24 April 2007

London Scientist Finds Kryptonite?

According to this BBC report, a mineral found in a Serbian mine has been identified as "matching [the] unique chemistry" of kryptonite.

According to Dr. Chris Stanley, "Associate Keeper of Mineralogy" at London's Natural History Museum, he analyzed the chemical makeup of the white powdery crystal from Serbia and then (I'm reading between the lines here) Googled the result. The news report quotes him:

Towards the end of my research I searched the web using the mineral's chemical formula -- sodium lithium boron silicate hydroxide -- and was amazed to discover that same scientific name, written on a case of rock containing kryptonite stolen by Lex Luther from a museum in the film Superman Returns.

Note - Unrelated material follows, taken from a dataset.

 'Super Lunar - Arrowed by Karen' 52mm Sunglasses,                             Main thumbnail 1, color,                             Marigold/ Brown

The new mineral does not contain fluorine (which it does in the film) and is white rather than green but, in all other respects, the chemistry matches that for the rock containing kryptonite.
Hang on a minute there, doctor! A compound that contains fluorine is chemically different from a compound that doesn't. We don't say hydrogen gas "matches the exact chemistry" of water except that it's missing the oxygen--H2 and H2O are different chemicals that behave in different ways. And the color is usually a sign of some chemical differences.

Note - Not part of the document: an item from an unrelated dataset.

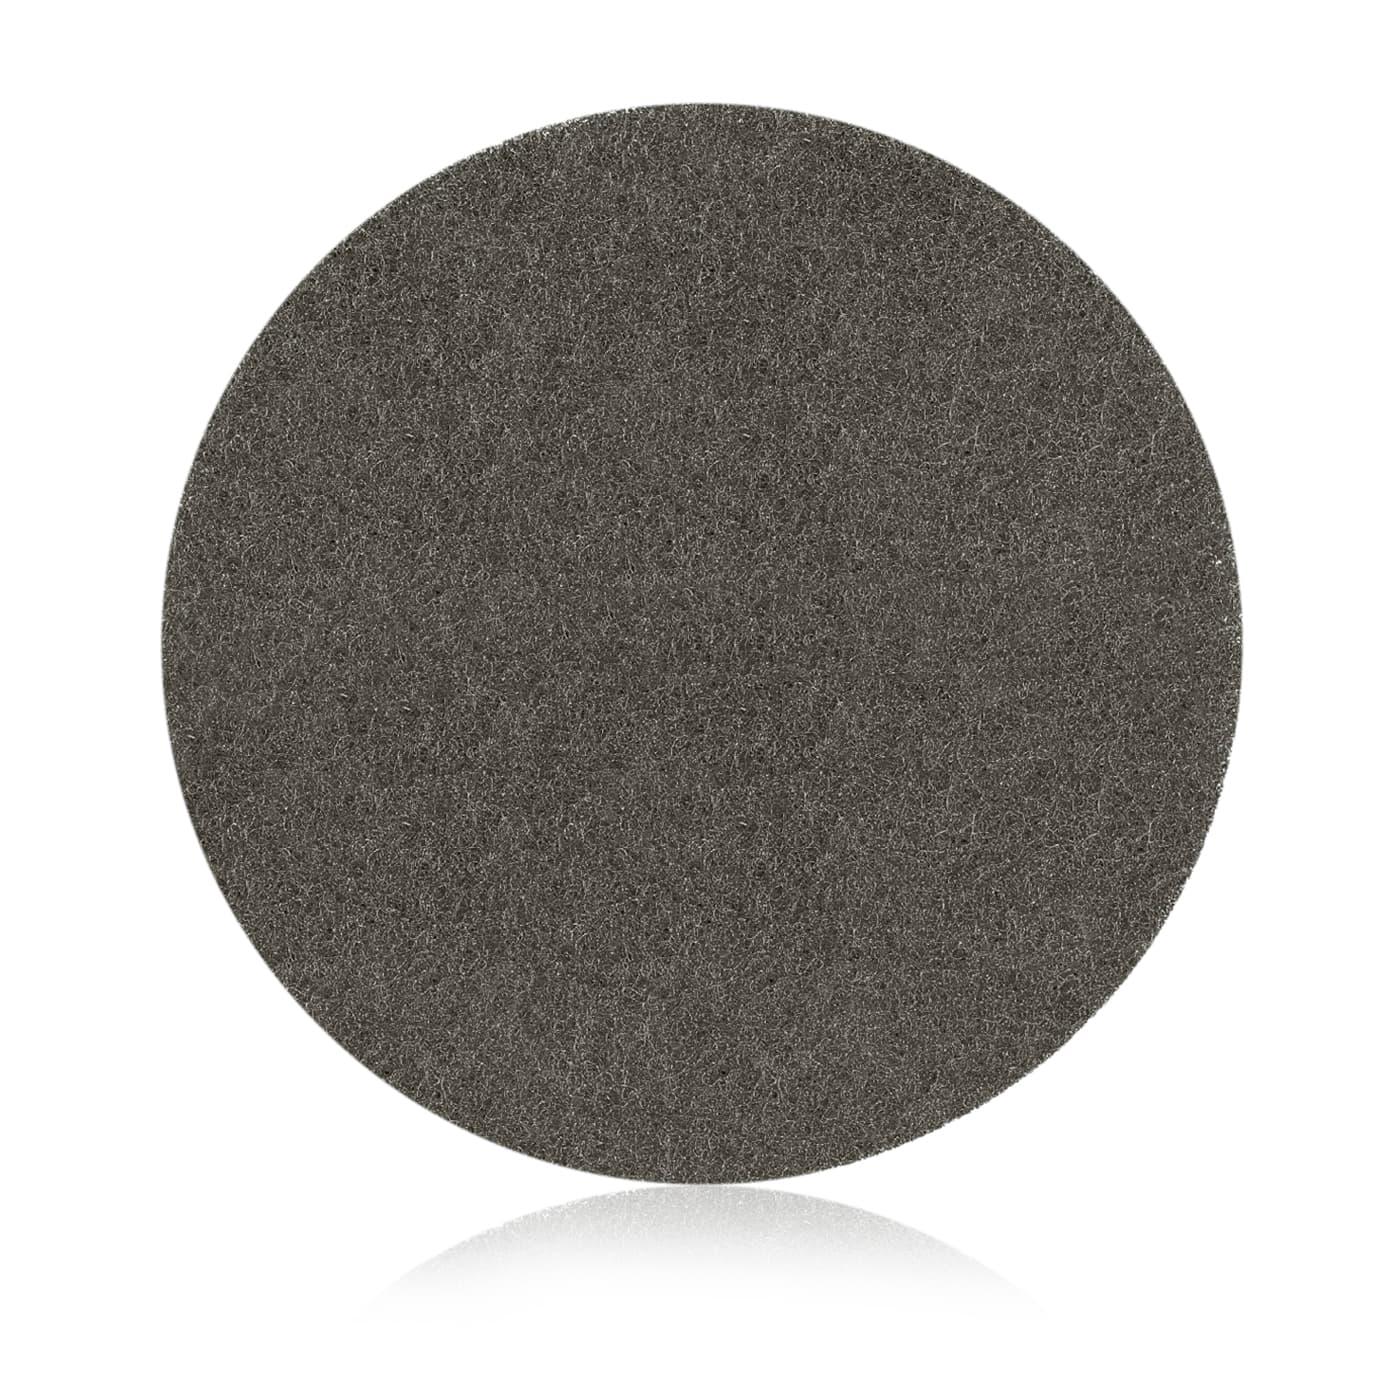 smirdex-925-none-wooven-discs

Dr. Stanley and his colleagues seem to acknowledge that fundamental fact by naming the mineral "jadarite," after the region where it was found, in a paper to be published in a future issue of the European Journal of Mineralogy. They've tested the mineral under ultraviolet light, which makes it fluoresce, but I see no sign that they've exposed plants to it.

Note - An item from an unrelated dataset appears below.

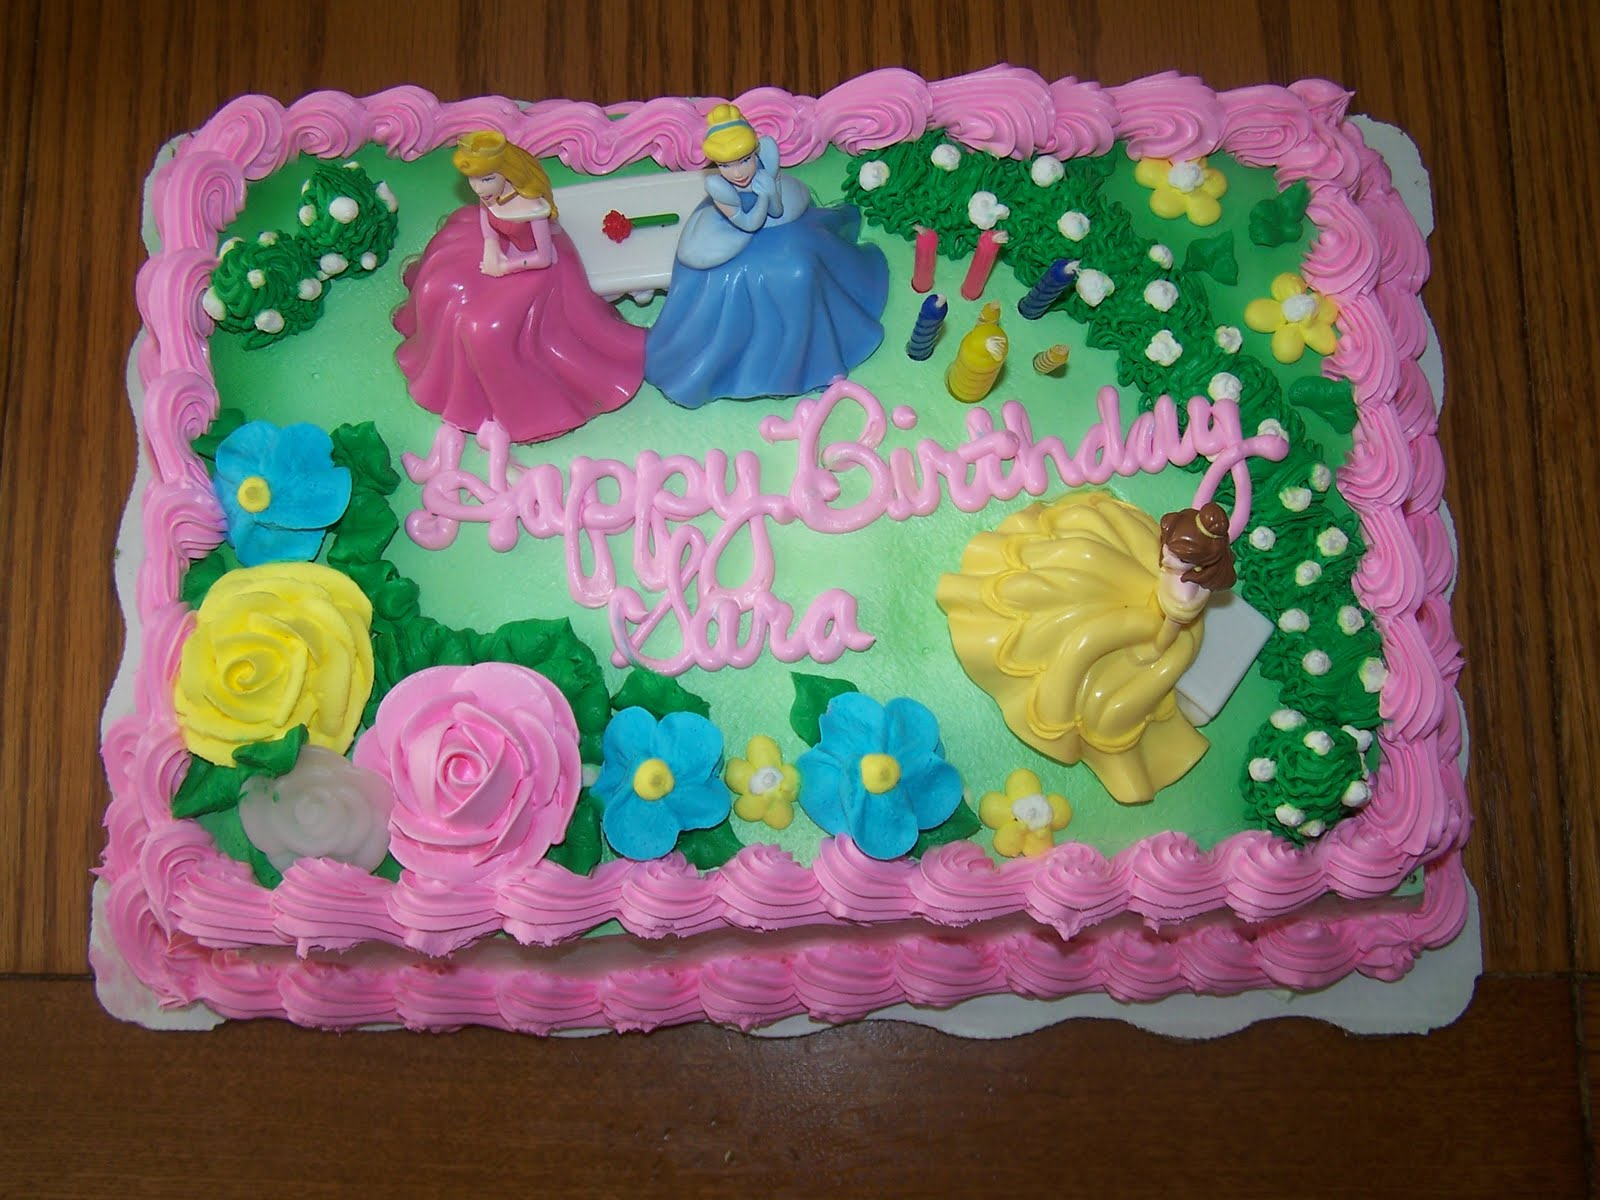 Happy Birthday Sara

Why do I suggest that test? Superman fans know there are multiple forms of kryptonite: the original green (harmful to refugees from the planet Krypton), and several forms either altered by natural processes in space or created in laboratories. True white kryptonite harms plant life on all known planets.

2 comments:

Anonymous said...

Jade compounds are so common -- and so revered in Asian countries -- that I cannot imagine that this particular mineral's qualities are not reasonably common and well-known.

Perhaps an Associate Keeper of Mineralology knows more about this than I do, but I do know one thing: if you leave a word out of a magic spell, it doesn't work any more. I think it's the same with magic minerals.

J. L. Bell said...

I agree with you on principle, of course, but I wouldn't call kryptonite a magic mineral.

Since the planet Krypton was named after an element, it is clearly based on a fundament of science.